Rome, Oct 15 (DPA) The Italian government denied Thursday a British newspaper report alleging it authorised clandestine payments in 2008 to the Taliban and other insurgents in Afghanistan to maintain peace in areas of the country monitored by Italian troops.
Referring to the report in the London-based Times, Prime Minister Silvio Berlusconi’s office in a statement also denied that, in June 2008, the US Ambassador to Rome made an official diplomatic complaint to the Italian government over the alleged payments.
“The information given by the Times, presented as fact, is rubbish,” Italian Defence Minister Ignazio La Russa was quoted as saying by the Adnkronos news agency.
In its report published Thursday, The Times cited sources, identified only as “Western military officials” and “high-ranking NATO officers”, as saying that US intelligence officials had intercepted telephone conversations revealing that the Italian secret service paid “tens of thousands of dollars” to Taliban commanders and local warlords.
The payments were allegedly made to insurgents operating in the far-western Herat province – where most of the Italian military contingent in Afghanistan is deployed – but also in the area of Sarobi, east the capital Kabul, which was under Italian military command in the first half of 2008.
The French military, which took over command of Sarobi from the Italians in July 2008, suffered the loss of 10 men in a Taliban attack that took place the following month.
According to the Times’ sources, the French were not aware of the payments made by the Italians to the insurgents and were led to believe the area posed no serious security threat.
While not referring directly to the incident, the Italian government in its statement said Italian troops in Afghanistan had been targeted in “numerous attacks” during the first half or 2008, when the alleged payments were supposedly made. Those included the killing of an Italian soldier near Sarobi Feb 13, 2008.
The statement also cited then NATO commander in Afghanistan, US General David McKiernan, who praised the effort of Italian troops in the Sarobi area. Those efforts included the construction of bridges, wells and schools, making Italian work there “a model” to be adopted by the NATO-led International Security Assistance Force.
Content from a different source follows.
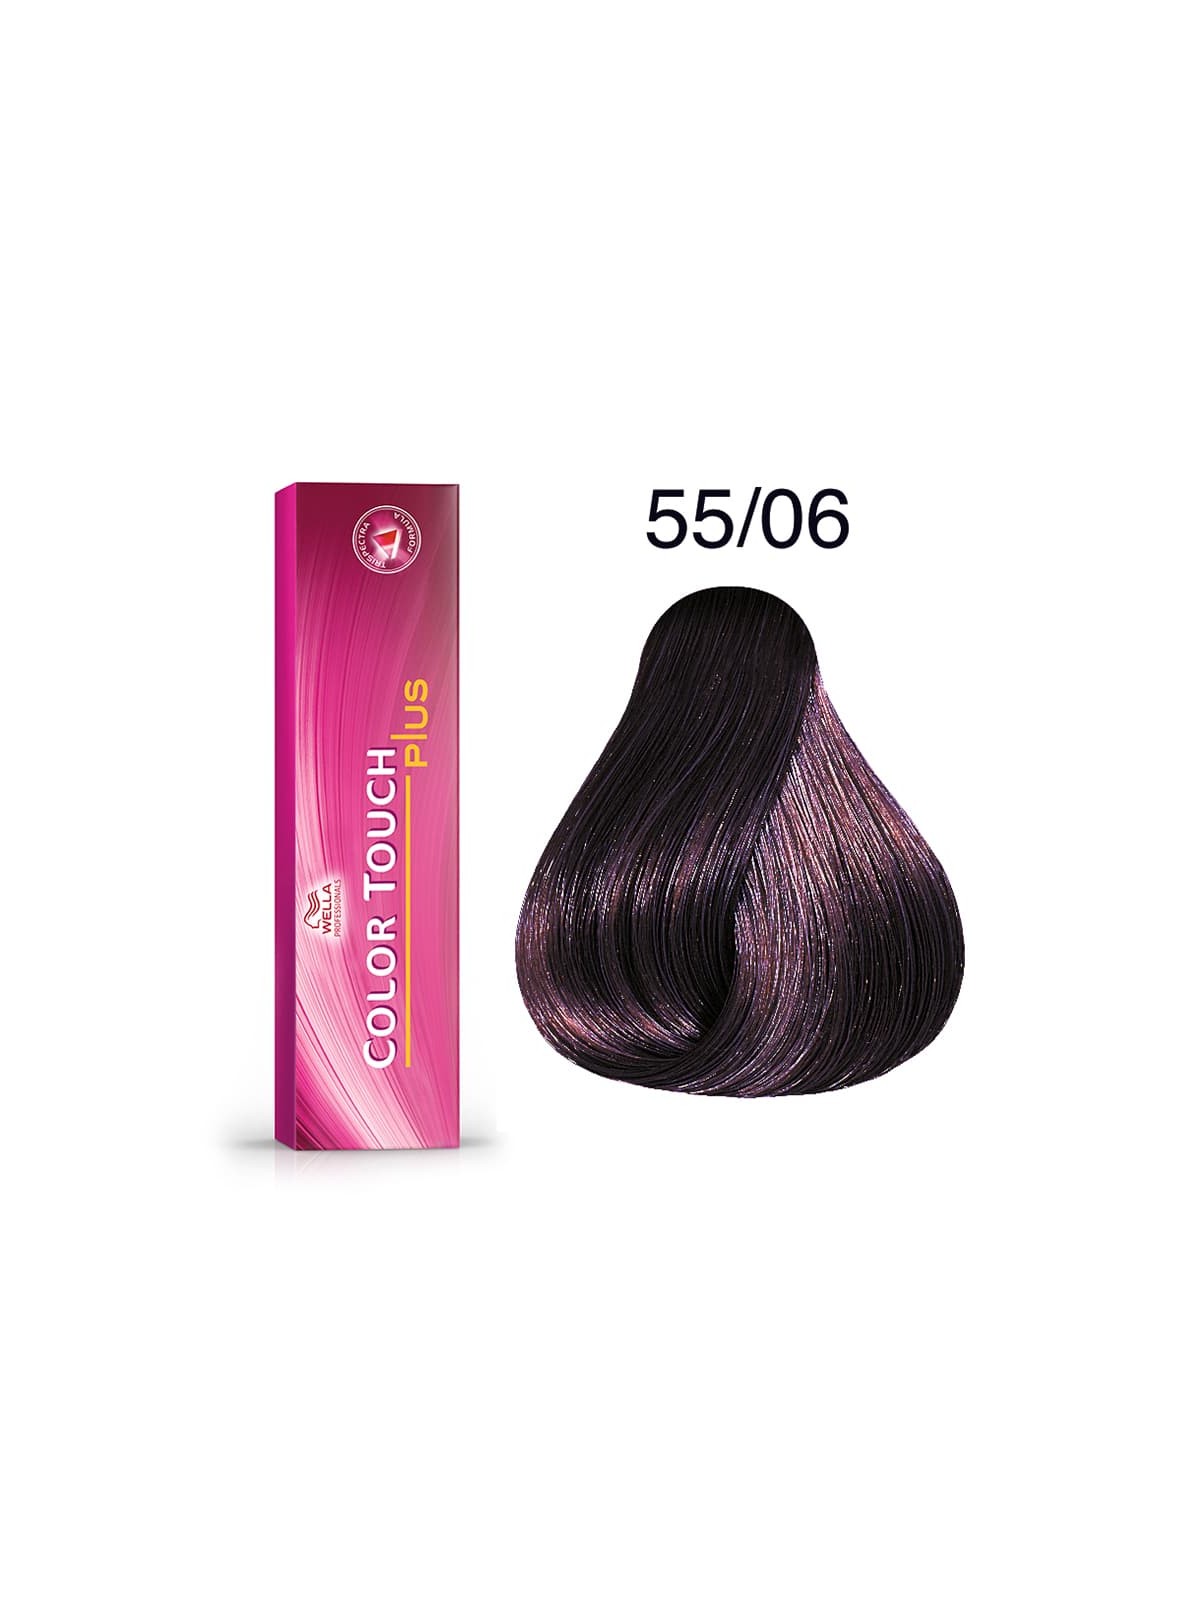 Tinte Wella Color Touch Plus 55/06 Castaño Claro Intenso Natural Violeta 60 ml.

Twenty-one Italian soldiers have been killed in Afghanistan since Italy began deploying troops there in the aftermath of the 2001 US-led invasion.
In an attack in September, six Italian soldiers were killed when a vehicle packed with explosives blew up near their armoured car on a road outside Kabul.
Some 2,800 soldiers are currently deployed in Afghanistan, in a mission which, according to opinion polls, continues to divide public opinion.
Leaders of the Northern League, the junior government partner in Berlusconi’s government, have repeatedly called for the withdrawal of the troops.
However, Berlusconi has assured US President Barack Obama of Italy’s commitment to the West’s military mission in Afghanistan, where US troops have been involved in most of the fighting and have suffered the greatest losses.